Like, Parrish could take a security job that makes him an asset to the pack throughout the season, and Lydia could have an arc where she makes consistent progress fighting on the front lines, like Allison did way back when. It's fine if she's still a death detector and scary vision-haver, but she should at least team up with Malia, Kira, and maybe Braeden, to handle threats proactively. Also, I miss the ditzy act that she occasionally pierces by being casually brilliant. Why not pair her up with Stiles, finally, and go back the lighter side of both characters, where they've always shined in past seasons? (Stiles is kind of headed there anyway. He's a lot funnier in 5B than 5A, and it's great.)
Why not pair her up with Stiles, finally, and go back the lighter side of both characters, where they've always shined in past seasons? (Stiles is kind of headed there anyway. He's a lot funnier in 5B than 5A, and it's great.)
Stiles and Lydia was fine when Stiles had an unrequited crush on her, and lead to good development when he actually moved past the crush. If they actually put the two together it would be awful. I'm a person who hates Lydia/Parrish so there isn't much of a shipping bias here. Stiles was creepy as hell with his crush on Lydia too, and I like the friendship the two have settled into above everything else.
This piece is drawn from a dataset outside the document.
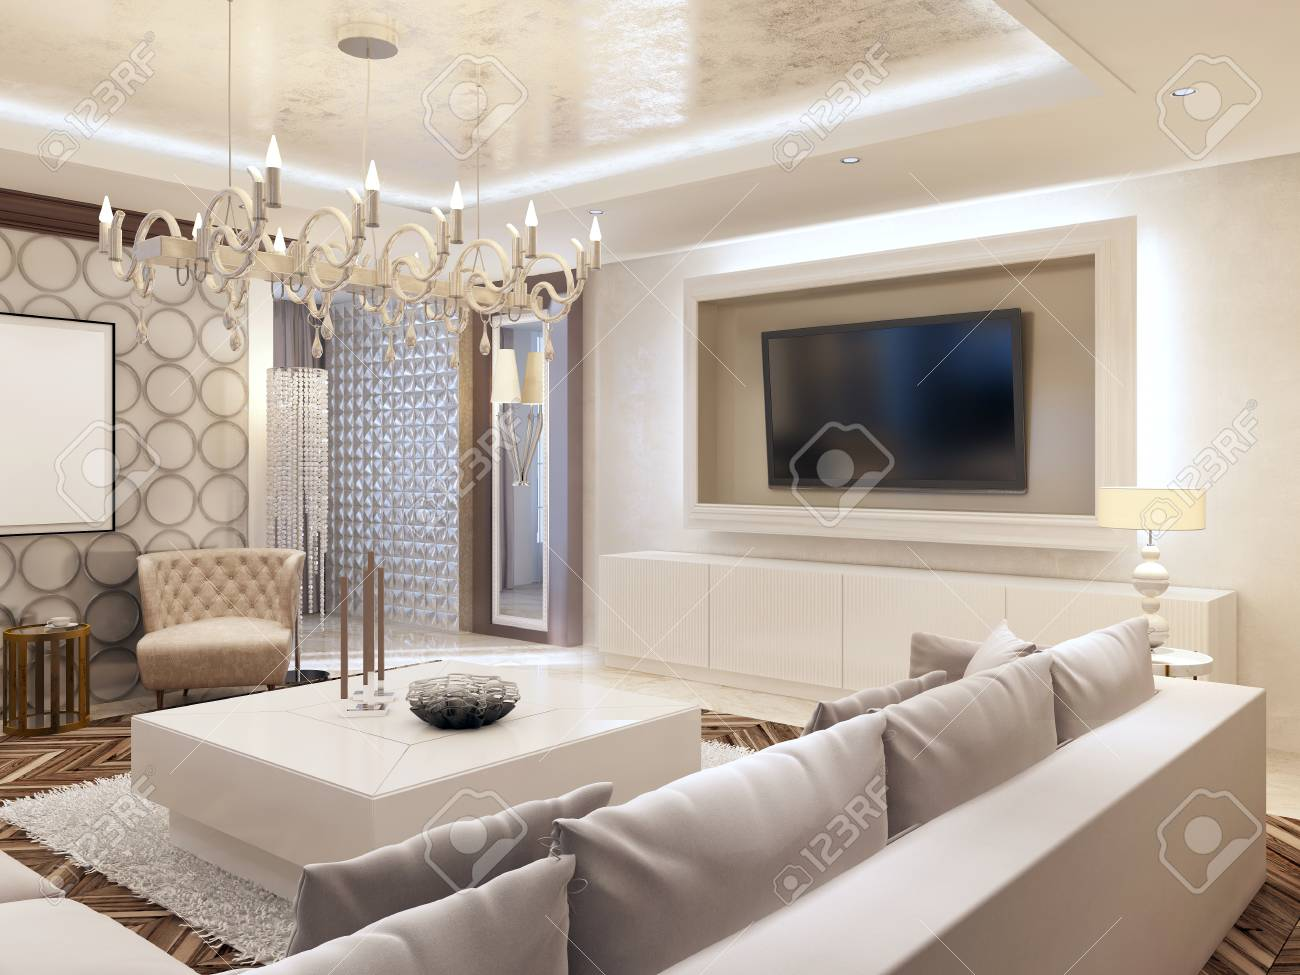 Full Size of Großes Ecksofa Sofa Bezug Regal Bett Bild Wohnzimmer Mit Ottomane Garten Wohnzimmer Großes Ecksofa

Stiles and Lydia was fine when Stiles had an unrequited crush on her, and lead to good development when he actually moved past the crush. If they actually put the two together it would be awful. I'm a person who hates Lydia/Parrish so there isn't much of a shipping bias here. Stiles was creepy as hell with his crush on Lydia too, and I like the friendship the two have settled into above everything else.
Now that you mention it, their pairing doesn't even have to be romantic. They could just hang out together more, since they work off of each other so well. Stiles with his awkwardness, Lydia with her prissy no-nonsense attitude. Love them.
3B arrived on the tail of a merely decent season. I don't believe this show has jumped the shark yet, so there's still hope. 5B has been oddly paced, and yet some aspects were handled so well. Kira's fight in the school, the flashback, Gerard chewing the scenery, Stiles' heart-to-heart with his dad, all of the little character moments, Deucalion strutting his stuff like a badass and bringing back the classic energy of Teen Wolf's earlier villains...
The ingredients for another amazing season are all still in play. The deciding factor going forward will be the quality of the writing.
I think Jeff Davis said he's taking a break from writing this time around. He won't be as involved or whatever so maybe that will bring interesting elements to Season 6.